Before she lived the life most people knew, Mary Margaret lived a very different one. She travelled the country with an improv group, after dropping out of college– full ride. She managed to keep her parents in the dark for years, until they wondered why they couldn’t get extra tickets, or any for that matter, to their daughter’s graduation. She was a pro at mimicry. She could emulate the accent and inflections of anyone. She might have been the best character actor of her generation.

As I removed her soiled gown, I wondered how her life would have ended if she followed that dream; if she were never dragged back home and put to work at her father’s company. Her skin was thin, delicate. There were bruises on her wrists from the day she insisted on wearing every bracelet in her jewelry box, simply because she couldn’t remember which one was her favorite. I made sure the rag only grazed the surface of her skin. I wish I could have washed away the faded scars that crisscrossed her body, erasing not only their presence, but their memory as well. A life full of manual labor had taken it’s toll on her. But in those moments when the spotlight hit her, I saw a life full of regret melt away.

I put her in the little black dress she wore on stage at the Cabana Club, the red blazer that helped her climb the corporate ladder in the 80s, the boots she wore while running with the bulls in Pamplona. The lipstick– royal flush– a little touch of my own. After months of soiling herself and breathing through a cannula, of waking up in a panic because she had no idea where she was, it seemed only right that dear Mary Margaret left this world the same as she entered it. A queen.

 

III

She is late. Lady hates being late.

I trot, never run, down the hall. She leaves her door open for me. I look in, like I always do. She looks happy. Peaceful. But it’s late. She should be frenzied, running back and forth, that tiny brush in her mouth and her hair in big rolls. She should be yelling at me to stop tripping her, and giving me a gentle nudge. There should be music and voices from the television, the squeal of the tea kettle and the smell of bacon burning on the stove. She’s never late, well, not this late.

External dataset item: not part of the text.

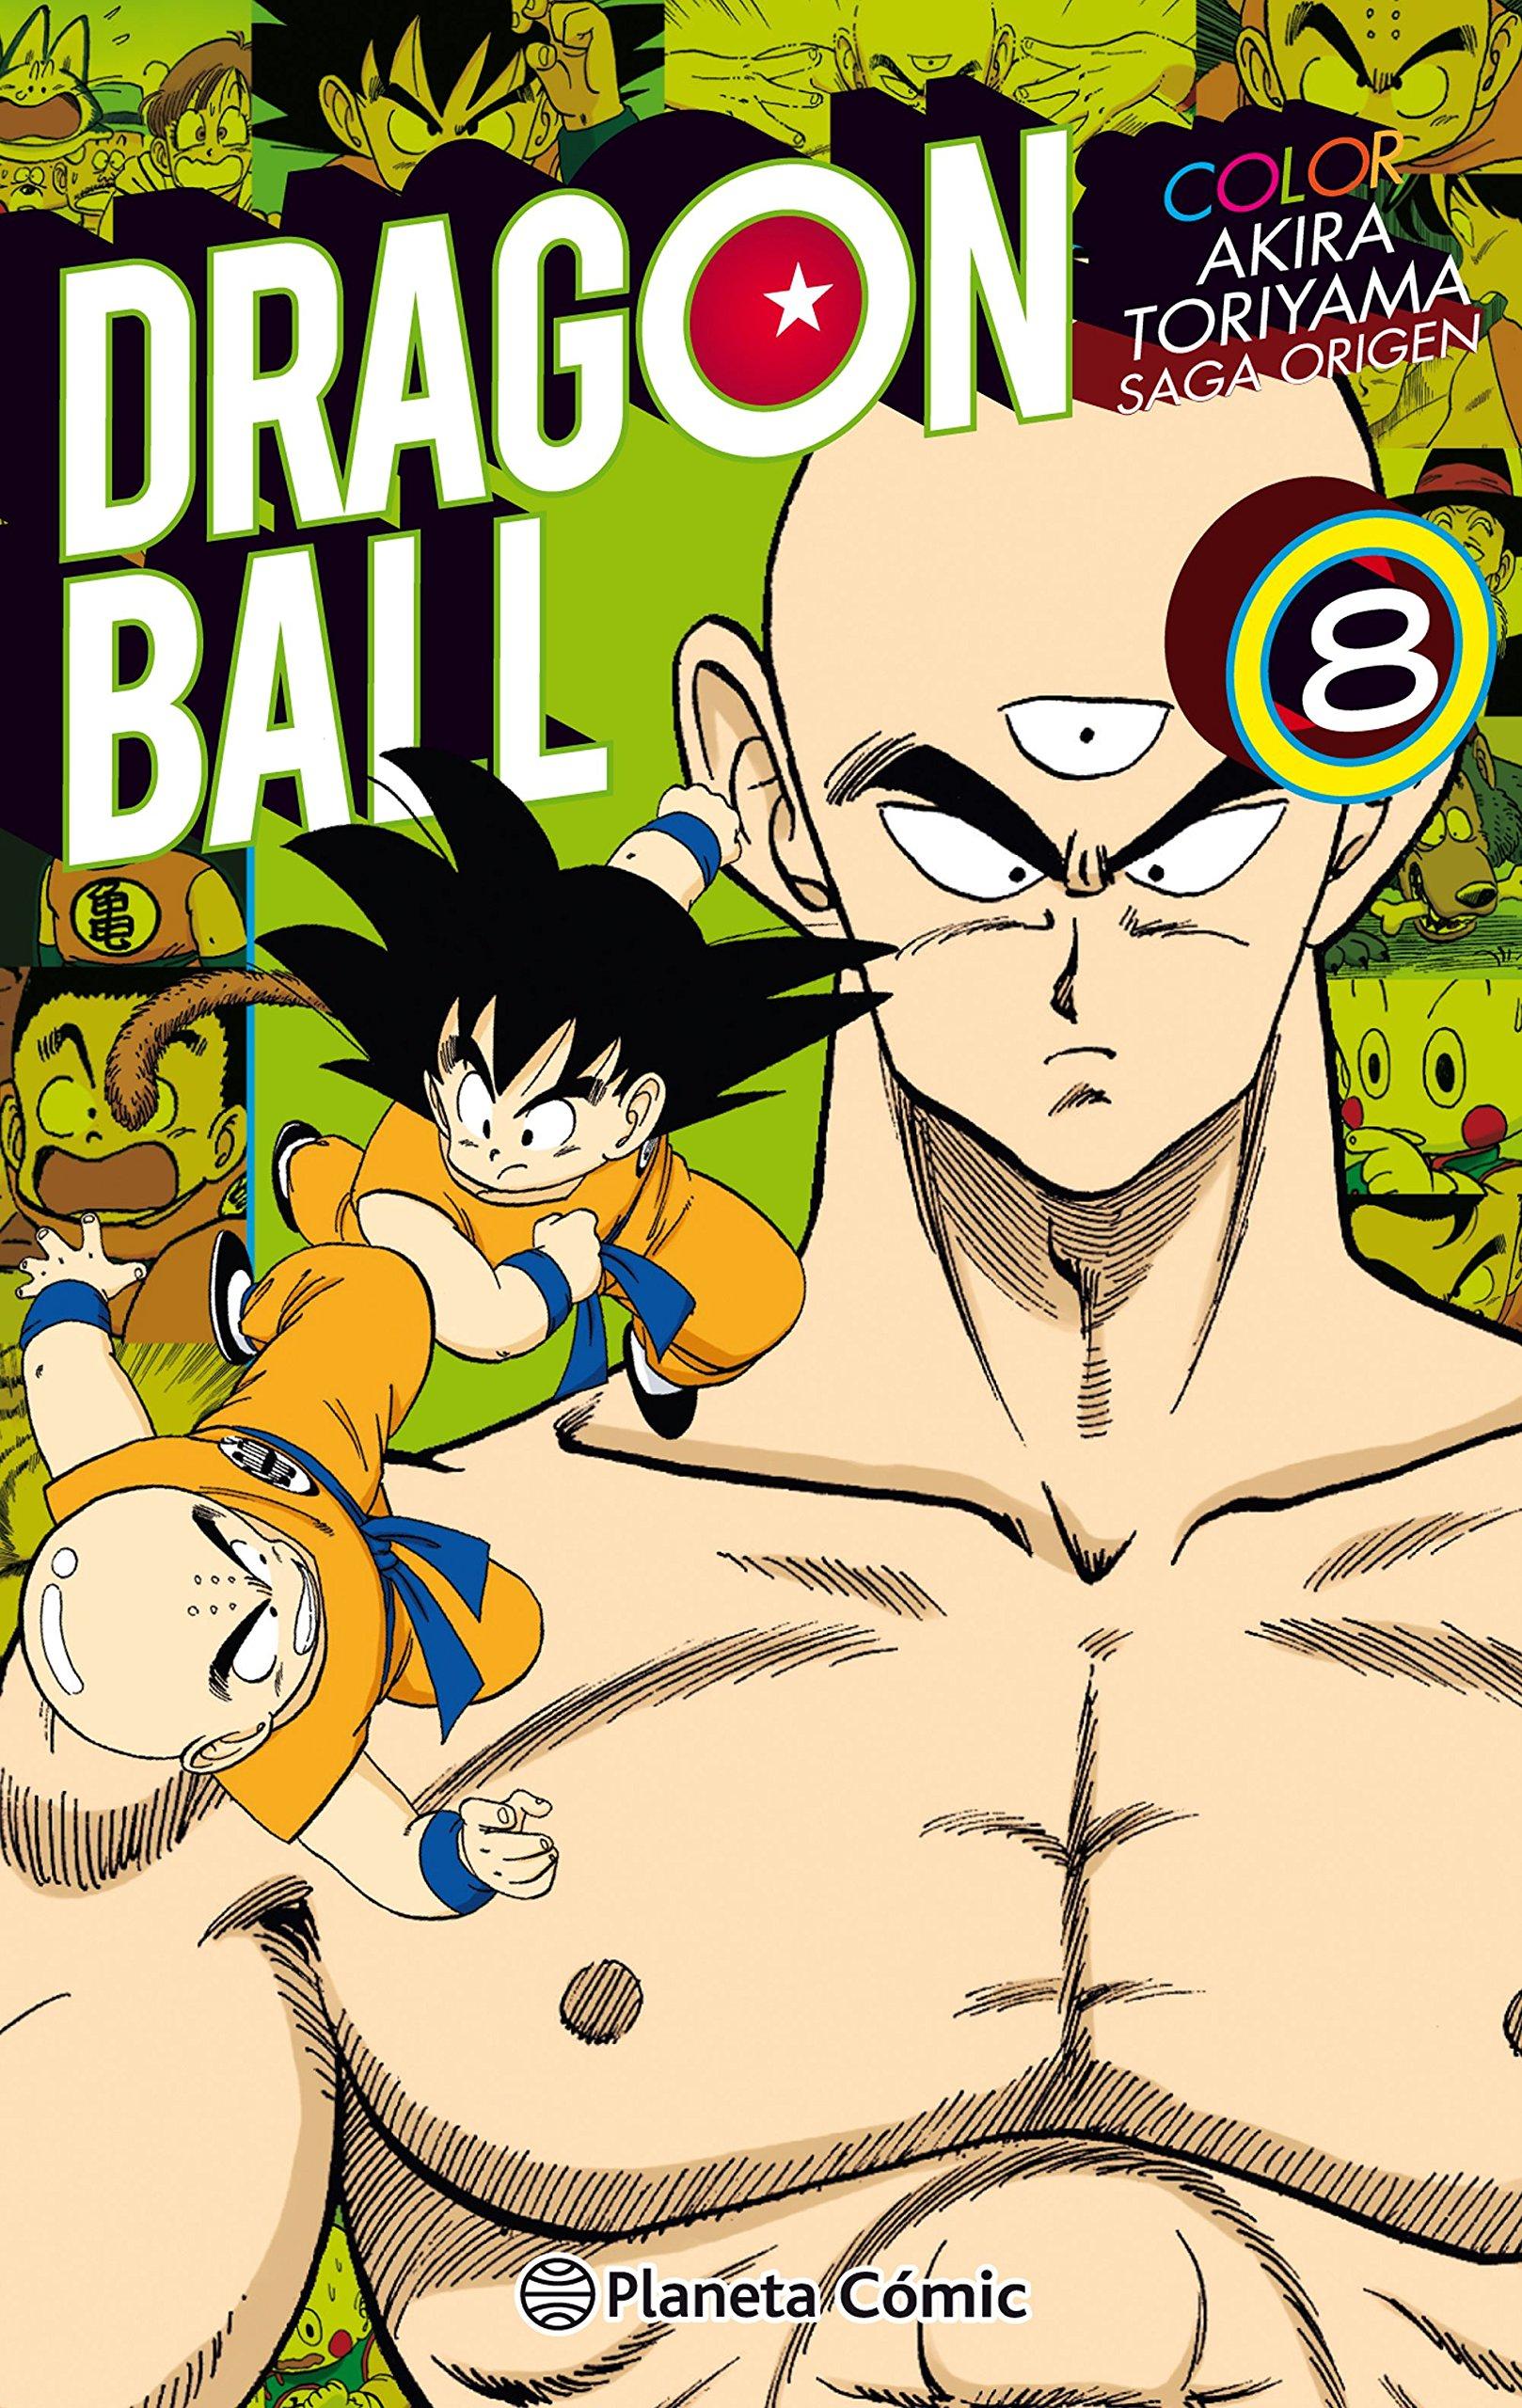 Dragon Ball Color Origen y Red Ribbon nº 08/08 (Manga Shonen) Tapa blanda – 18 sep 2018 Akira Toriyama Daruma Planeta DeAgostini Cómics 8491468250

I walk over to Lady’s bed side. Her arm dangles, as it often does. I lick her fingertips. Cold. Lady doesn’t like being cold. I leap onto the bed. I know I’m not supposed to, but sometimes she doesn’t mind, those times when her face is puffy and her nose wet like mine. But she is none of that now. Her color is gone. Her cheek as cold as her hands. I nudge her with my nose, in that spot on her neck that makes her giggle and twist. She’s silent; still. I want her to get up. Maybe if she was warm…

I curl up in the the nook of her arm. My head lays atop her chest. I can’t feel the thump I usually can, or the up and down when she pants. I miss that. I miss Lady’s funny laugh. I miss her arm brushing the back of my neck. Lady, please, warm up. Lady hates being late.